とはいっても、この、「同じように」見える二つの現象の背景に潜むコノテーション(言外に含蓄される意味)は、チト違う。
ヴァンフォーレ甲府を担当しているエキスパートジャーナリストの方が言っていた。あっと・・、城福浩監督も、異口同音ニュアンスの内容をコメントしていたっけ。
そう、今シーズンのクリスティアーノが、チャンスを順当に決めていれば、チームは、こんなポジションにはいない・・。
フムフム・・
それに対してメッシ。
あのシュート状況は、まさに、彼の十八番だったんだよ。誰も、彼がシュートミスをするなんて思ってもみなかった。そんなメッシが、シュートを外した。
ということで、この二つの絶対的シュートシーンが内包する意味合いは(そのシーンが外部に放散する期待コンテンツは!!)まったく違ったっちゅうことだね。
メッシの場合は、完璧なゴール「だけ」がイメージされていた。それに対してクリスティアーノの場合は、チーム全体が不安に包まれた・・っちゅうわけだ。
フ〜ッ・・
とにかく私は、クリスティアーノの絶対的チャンスが内包する「何か」を感じていたんだ。
だから、城福浩監督とミハイロに、同じ質問を投げた。
城福さんには、「レベルを超えた勝負師、城福浩がイメージしつづけ、待ちつづけた瞬間が訪れた・・それは至福の瞬間だったはずだが・・?」ってね。

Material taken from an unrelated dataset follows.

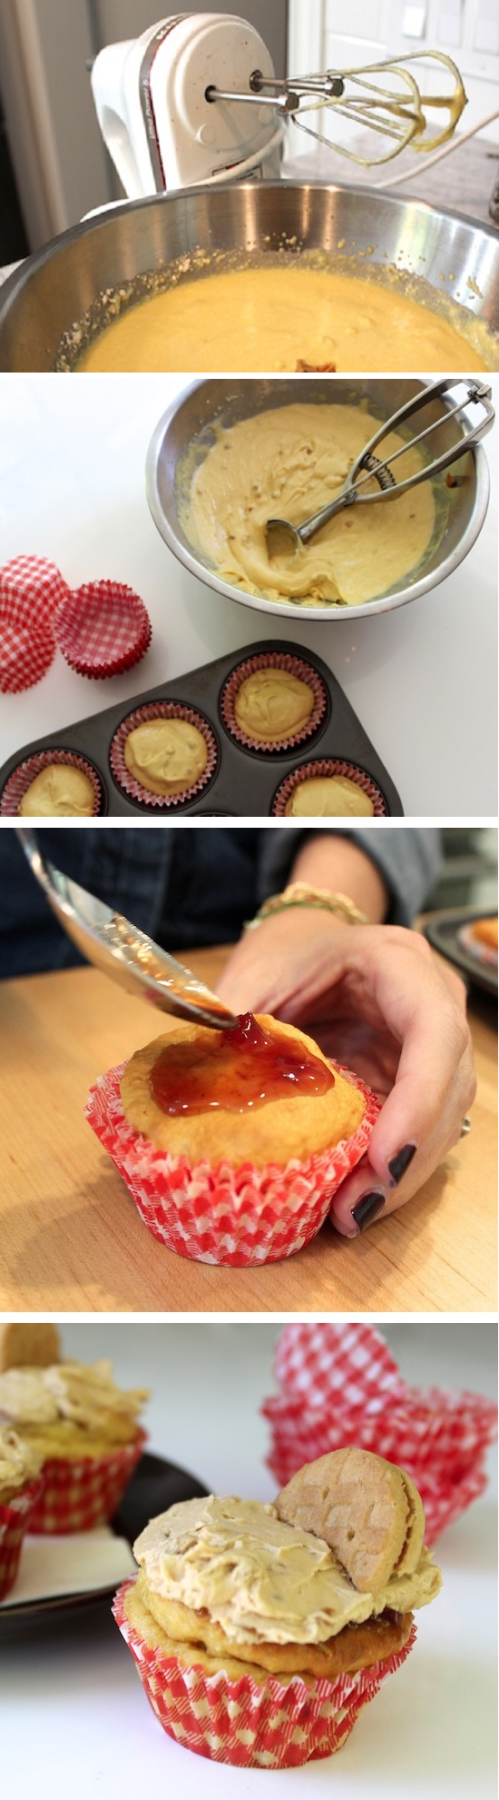 penut butter jelly cupcakes recipe by cupcakepedia

そしたら、こんなニュアンスの内容をコメントしてくれたっけネ。曰く・・
・・クリスティアーノは、ゲーム展開の勝負所で、あのように使うつもりだった・・そしてイメージ通りのチャンスを作り出せた・・でも、オレの仕事はチャンスを作り出すのをお膳立てするところまでなんだよ・・そして、そのチャンスを決めるのが彼の仕事っちゅうわけだ・・
まあ、彼が言わんとすることはよく分かった。
そりゃ、あんなビッグチャンスを外すんだから、アタマにも来るだろうし、クリスティアーノが抱える根深い課題にも取り組まなきゃいけないわけだからね・・。
とにかく・・
めくるめく歓喜と、奈落の失望が、限界まで交錯しつづけるサッカーの面目躍如ってなシーンではあった。
余談だけれど・・
まだ奥寺康彦が在籍していた当時のヴェルダー・ブレーメンでのこと。監督は、「あの」オットー・レーハーゲル。
そのブレーメンが、ブンデスリーガ最終節マッチの後半ロスタイムにPKを獲得した。
別の会場では、ブレーメンと優勝を争っている「あの」バイエルン・ミュンヘンが、すでに大差で勝利を確実なものにしていた。
ブレーメンは、そのPKを確実に決めなければならなかった。ブレーメンは、「そのPK」さえ決めて勝利すれば、完璧なリーグ優勝をかざれるのだった。
私は、テレビの前で手に汗握っていたのだが、奥寺康彦の表情を確認しようとしていた次の瞬間、蹴られたPKが、右ポストを直撃し、無情にも跳ね返ってゴールラインを割っていったのである。
私も含め、ブレーメンファンの誰もが声を失った。そして、その瞬間、バイエルン・ミュンヘンのリーグ逆転優勝が決まった。
それが、奥寺康彦の、ブンデスリーガでの最後のゲームだったにもかかわらず・・。
―――――-
あっと、ちょっとハナシが錯綜した。
サッカーが、瞬間的に「天国と地獄」を行き交う究極の(心理)ドラマだということが言いたかった。
ここで、ちょっとハナシを展開し、一つのゲームの中で、何度も訪れる「真実のドラマの瞬間」というテーマにも入っていこうかな。要は、(ゲームの)雌雄を決する瞬間のことでっせ。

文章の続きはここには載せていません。